From HTML, there is a simple JavaScript trick that allows you to download as an image.

document.getElementById("canvas").toDataURL()

This will get a link to an image you can download. However, this command seems to crash rstudio’s viewer. To get around that, I made a Shiny app with the same word cloud code. Having a Shiny app will allow you to view in Chrome as well as edit the size of the word cloud canvas easily. I also added an input to control the size of words, which allows you to quickly experiment and get the word cloud that you like. Below is the full Shiny app code.

# to save run following in js
#document.getElementById("canvas").toDataURL()

library(shiny)
library(wordcloud2)
library(tidyverse)
library(tidytext)
library(stringr)

#Define id and size of words
n <- 1
sender.id <- "myid"

#Get message data
all.message.dfs <-  readRDS("../all_messages.rds")

#Filter out links
filtered.messages <- all.message.dfs %>%
  filter(!str_detect(text, ".com"))

#Get word counts
all.words <- filtered.messages %>%
  unnest_tokens(word, text) %>%
  anti_join(stop_words) %>%
  count(word, sender_id, sort = TRUE)

#Create TFIDF
all.words.tfidf <- all.words %>% bind_tf_idf(word, sender_id, n)

#Filter TFIDF
user.tfidf <- all.words.tfidf %>% 
  filter(sender_id == sender.id)

#format for wordcloud
wordcloud.text <- user.tfidf %>%
  filter(!is.na(word)) %>%
  select(word, tf_idf)

# Size the wordcloud
ui <- bootstrapPage(
  numericInput('size', 'Size of wordcloud', n),
  wordcloud2Output('wordcloud2', width = "1048px", height = "400px")
)

# Define server logic required to draw the wordcloud
server <- function(input, output) {
  output$wordcloud2 <- renderWordcloud2({
    wordcloud2(wordcloud.text, size=input$size)
  })
}

# Run the application 
shinyApp(ui = ui, server = server)

This blog is a static website so I can’t embed the Shiny app, but here is what it should look like once you reference your own message data.
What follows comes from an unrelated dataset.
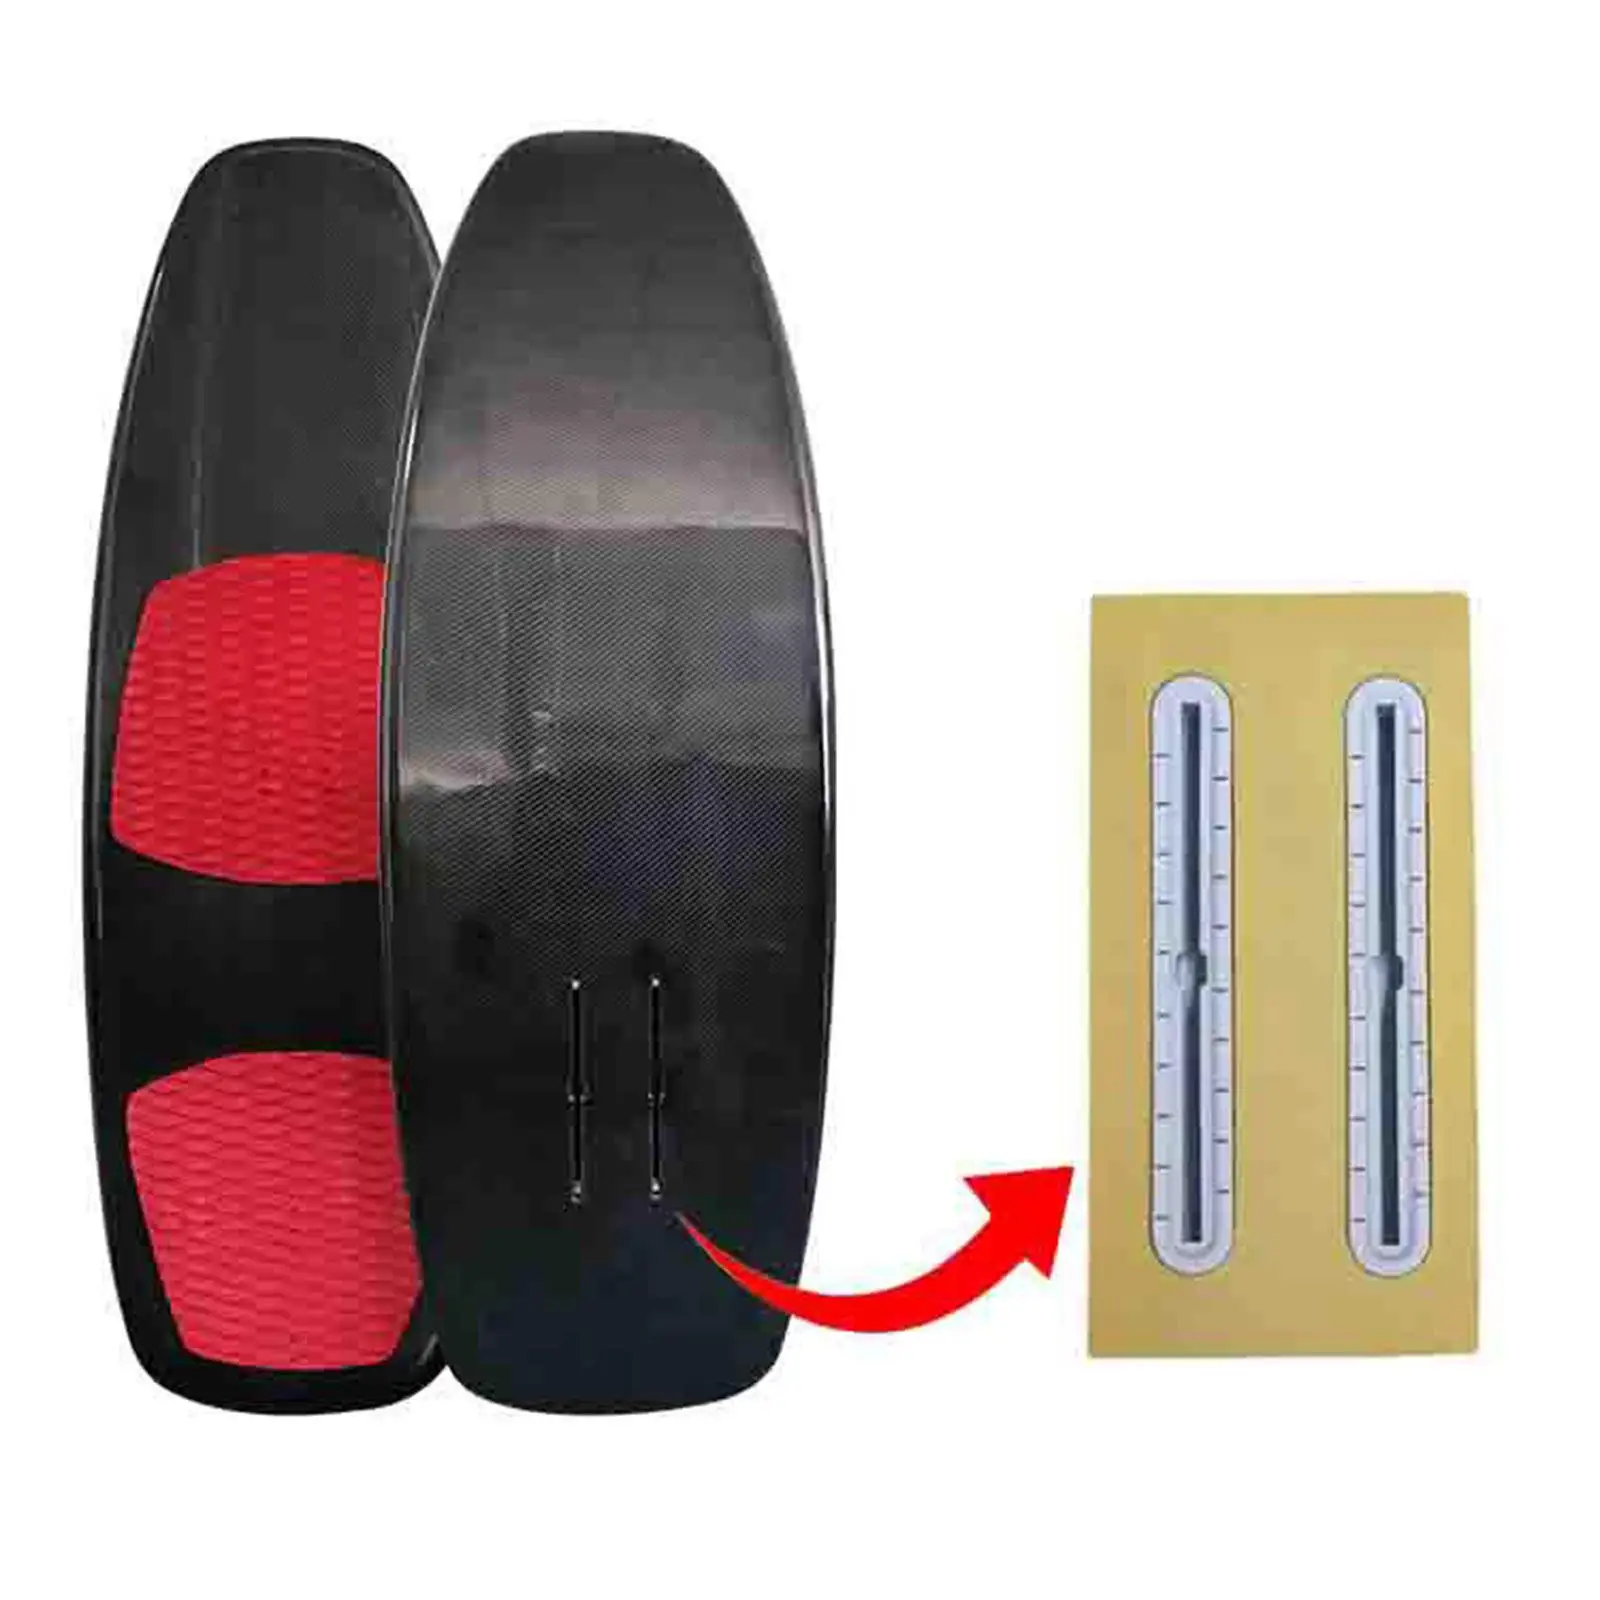 Surfboard Fins Box Universal Reinforced Hydrofoil Rail Box for Water Sports Wakeboard Stand up Paddleboard Surf Accessories

Now all you have to do is inspect the page in your web browser and write the command to get a URL in the JavaScript console tab.
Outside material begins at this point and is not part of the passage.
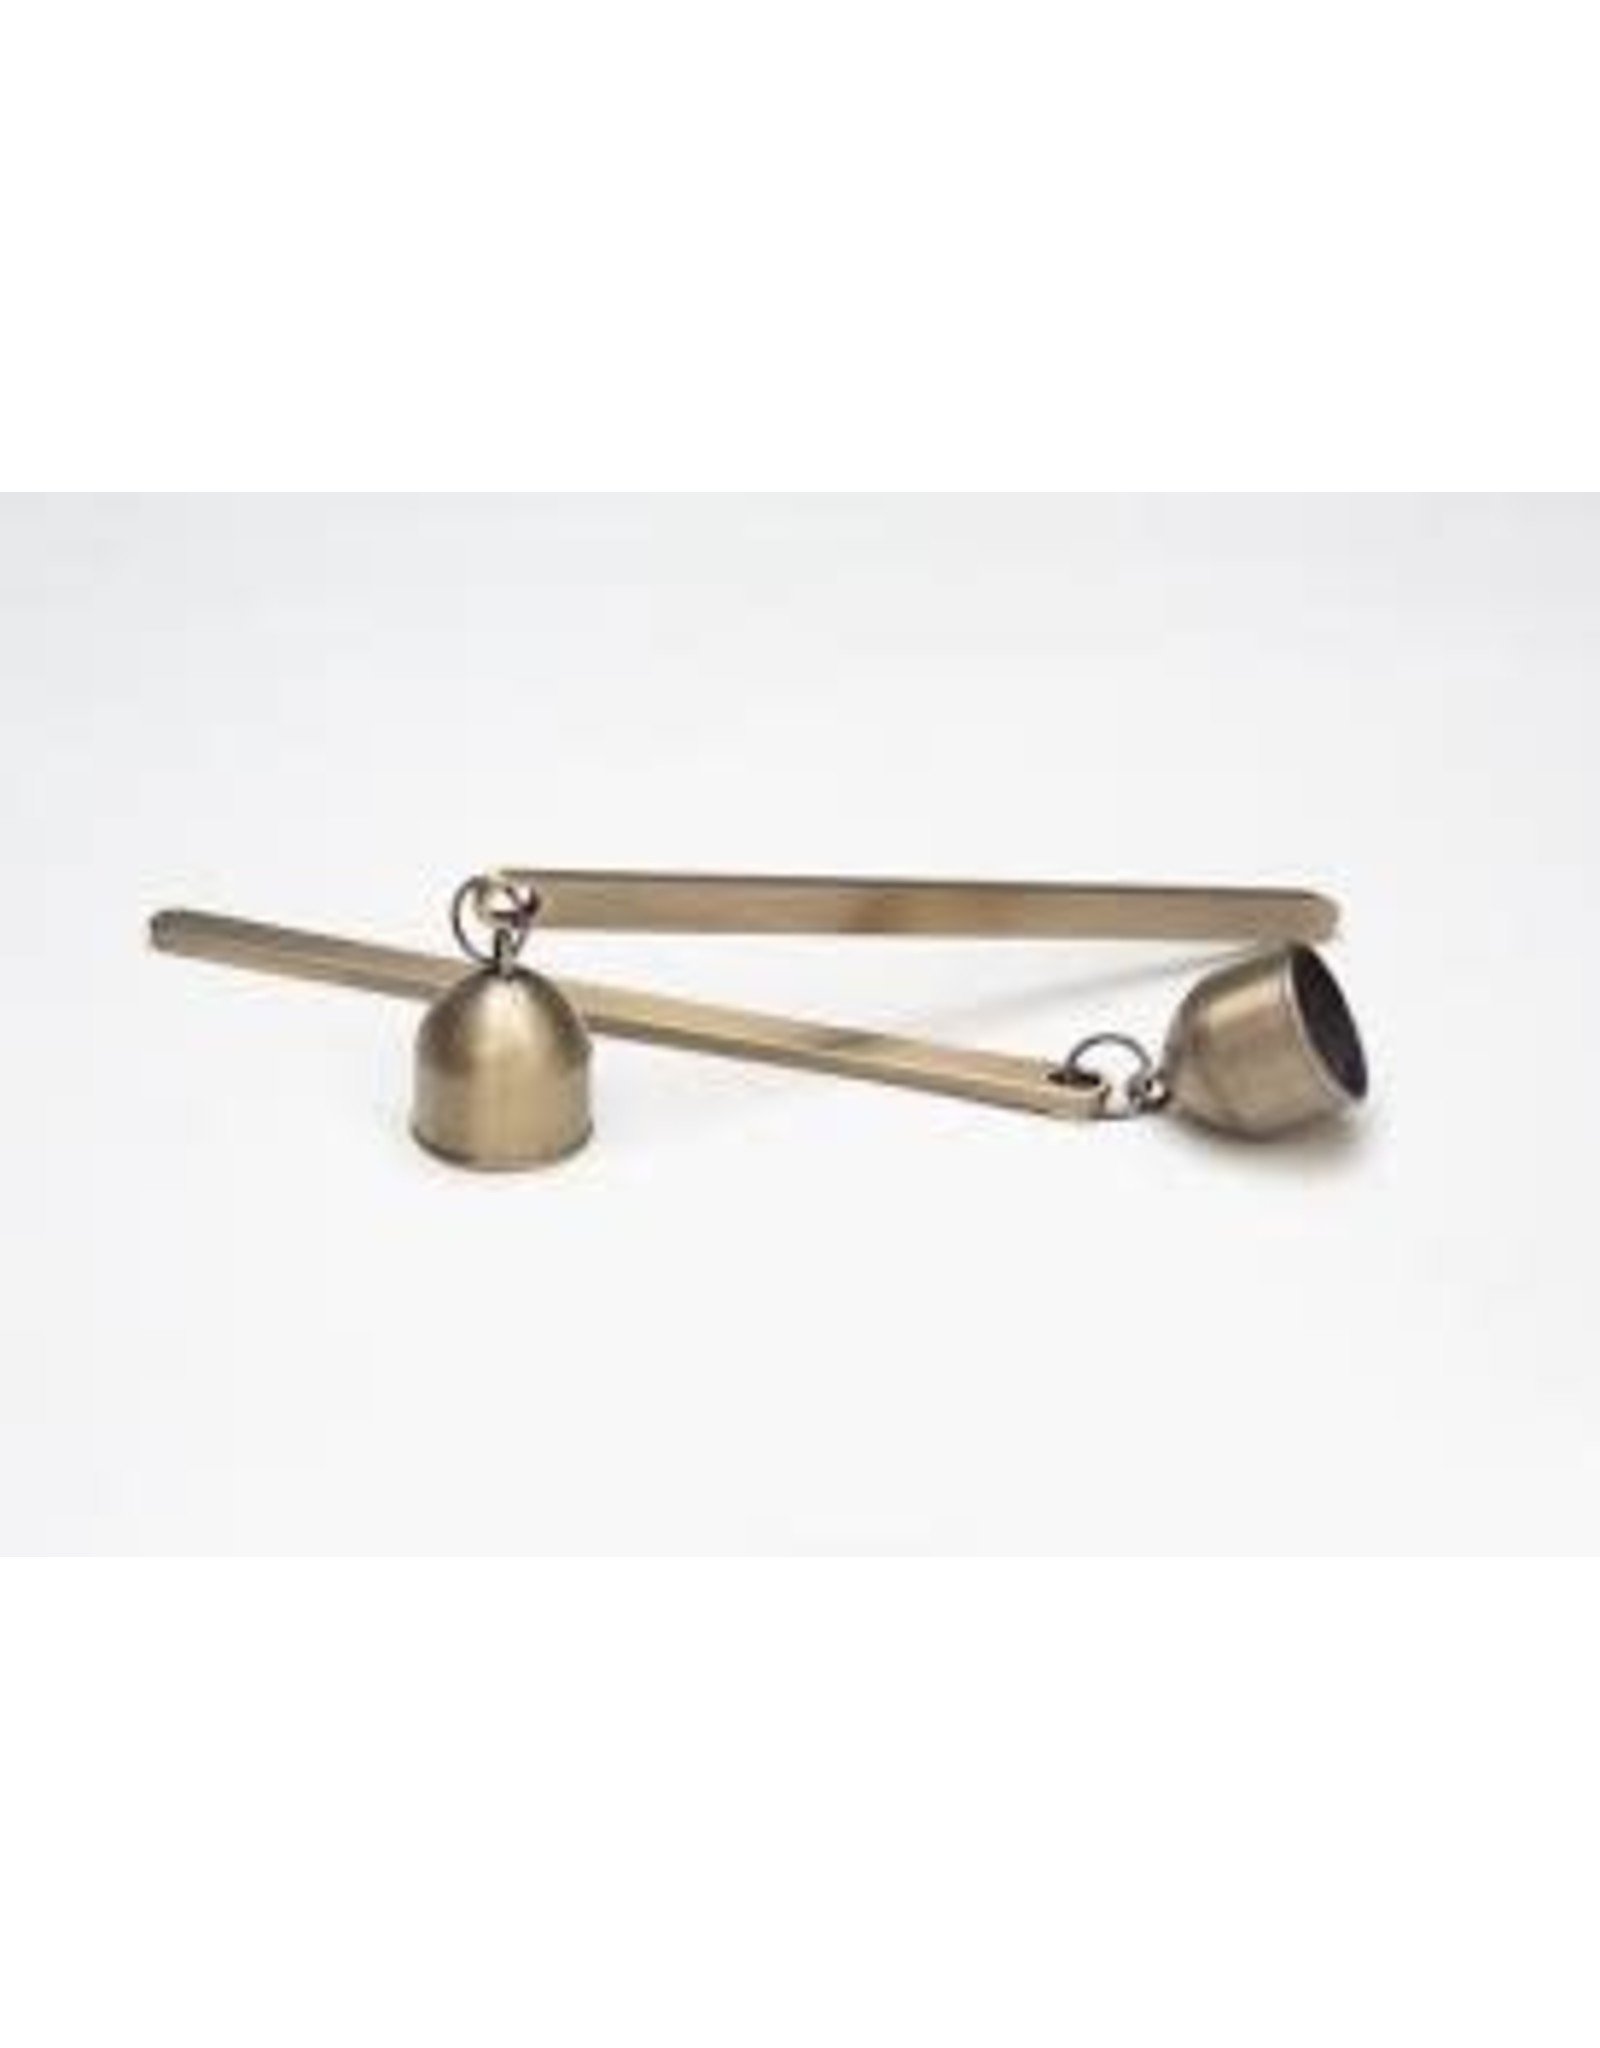 The Roosevelts Candle Co. Candle Snuffer

document.getElementById("canvas").toDataURL()

Finally, we got a word cloud image with R. The Shiny page is a bit of an annoying workaround and I’ve been having issues with wordcloud2 correctly doing image masking. R might not be the best tool to get a word cloud after getting word frequency or TF-IDF, but it is doable.

I used Zazzle to create my mug. Zazzle was able to infer that all white space was supposed to be transparent and the resulting product looks pretty great.

Have fun making your word cloud merchandise!